[SOURCE MATERIAL]

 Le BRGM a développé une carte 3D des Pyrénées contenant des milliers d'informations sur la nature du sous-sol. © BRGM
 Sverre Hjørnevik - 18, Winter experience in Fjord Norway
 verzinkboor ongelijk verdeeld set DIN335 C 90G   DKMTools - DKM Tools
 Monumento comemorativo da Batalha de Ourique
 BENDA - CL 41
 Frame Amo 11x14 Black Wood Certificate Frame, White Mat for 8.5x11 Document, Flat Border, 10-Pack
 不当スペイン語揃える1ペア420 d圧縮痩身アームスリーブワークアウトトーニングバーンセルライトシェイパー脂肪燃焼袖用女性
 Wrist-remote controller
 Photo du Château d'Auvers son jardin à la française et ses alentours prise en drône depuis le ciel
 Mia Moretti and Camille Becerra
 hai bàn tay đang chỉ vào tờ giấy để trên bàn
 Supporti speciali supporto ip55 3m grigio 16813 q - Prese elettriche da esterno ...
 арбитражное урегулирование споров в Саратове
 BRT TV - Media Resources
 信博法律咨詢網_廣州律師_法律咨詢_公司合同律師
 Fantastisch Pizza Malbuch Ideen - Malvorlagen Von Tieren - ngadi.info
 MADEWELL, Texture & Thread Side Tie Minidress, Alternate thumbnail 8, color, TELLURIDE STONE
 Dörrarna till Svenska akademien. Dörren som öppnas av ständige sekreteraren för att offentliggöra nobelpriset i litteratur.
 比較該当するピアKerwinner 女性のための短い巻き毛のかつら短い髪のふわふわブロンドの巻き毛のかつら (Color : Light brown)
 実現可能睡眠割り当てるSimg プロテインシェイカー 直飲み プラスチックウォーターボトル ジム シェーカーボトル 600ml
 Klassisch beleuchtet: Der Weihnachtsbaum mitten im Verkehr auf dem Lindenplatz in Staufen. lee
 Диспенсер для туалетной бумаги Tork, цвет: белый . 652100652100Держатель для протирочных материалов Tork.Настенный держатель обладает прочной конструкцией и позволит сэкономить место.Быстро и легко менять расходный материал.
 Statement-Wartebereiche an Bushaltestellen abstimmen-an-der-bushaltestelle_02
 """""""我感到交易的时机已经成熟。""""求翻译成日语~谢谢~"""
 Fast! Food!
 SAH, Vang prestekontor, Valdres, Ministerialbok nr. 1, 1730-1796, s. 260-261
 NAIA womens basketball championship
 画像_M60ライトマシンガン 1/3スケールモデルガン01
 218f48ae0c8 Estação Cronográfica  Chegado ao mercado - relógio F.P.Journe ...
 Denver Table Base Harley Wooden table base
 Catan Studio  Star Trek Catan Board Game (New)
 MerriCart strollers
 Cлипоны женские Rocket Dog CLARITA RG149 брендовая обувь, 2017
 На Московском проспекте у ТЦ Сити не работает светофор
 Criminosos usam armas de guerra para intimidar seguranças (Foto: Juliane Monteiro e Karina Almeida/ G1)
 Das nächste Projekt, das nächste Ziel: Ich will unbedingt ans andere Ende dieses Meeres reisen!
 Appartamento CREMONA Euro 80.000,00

[/SOURCE MATERIAL]

Please return exactly the lines from the one containing "実現可能睡眠割り当てるSimg プロテインシェイカー 直飲み" through the end of the entries above, adding no other line.

■ RESPONSE TO THE EXERCISE
 実現可能睡眠割り当てるSimg プロテインシェイカー 直飲み プラスチックウォーターボトル ジム シェーカーボトル 600ml
 Klassisch beleuchtet: Der Weihnachtsbaum mitten im Verkehr auf dem Lindenplatz in Staufen. lee
 Диспенсер для туалетной бумаги Tork, цвет: белый . 652100652100Держатель для протирочных материалов Tork.Настенный держатель обладает прочной конструкцией и позволит сэкономить место.Быстро и легко менять расходный материал.
 Statement-Wartebereiche an Bushaltestellen abstimmen-an-der-bushaltestelle_02
 """""""我感到交易的时机已经成熟。""""求翻译成日语~谢谢~"""
 Fast! Food!
 SAH, Vang prestekontor, Valdres, Ministerialbok nr. 1, 1730-1796, s. 260-261
 NAIA womens basketball championship
 画像_M60ライトマシンガン 1/3スケールモデルガン01
 218f48ae0c8 Estação Cronográfica  Chegado ao mercado - relógio F.P.Journe ...
 Denver Table Base Harley Wooden table base
 Catan Studio  Star Trek Catan Board Game (New)
 MerriCart strollers
 Cлипоны женские Rocket Dog CLARITA RG149 брендовая обувь, 2017
 На Московском проспекте у ТЦ Сити не работает светофор
 Criminosos usam armas de guerra para intimidar seguranças (Foto: Juliane Monteiro e Karina Almeida/ G1)
 Das nächste Projekt, das nächste Ziel: Ich will unbedingt ans andere Ende dieses Meeres reisen!
 Appartamento CREMONA Euro 80.000,00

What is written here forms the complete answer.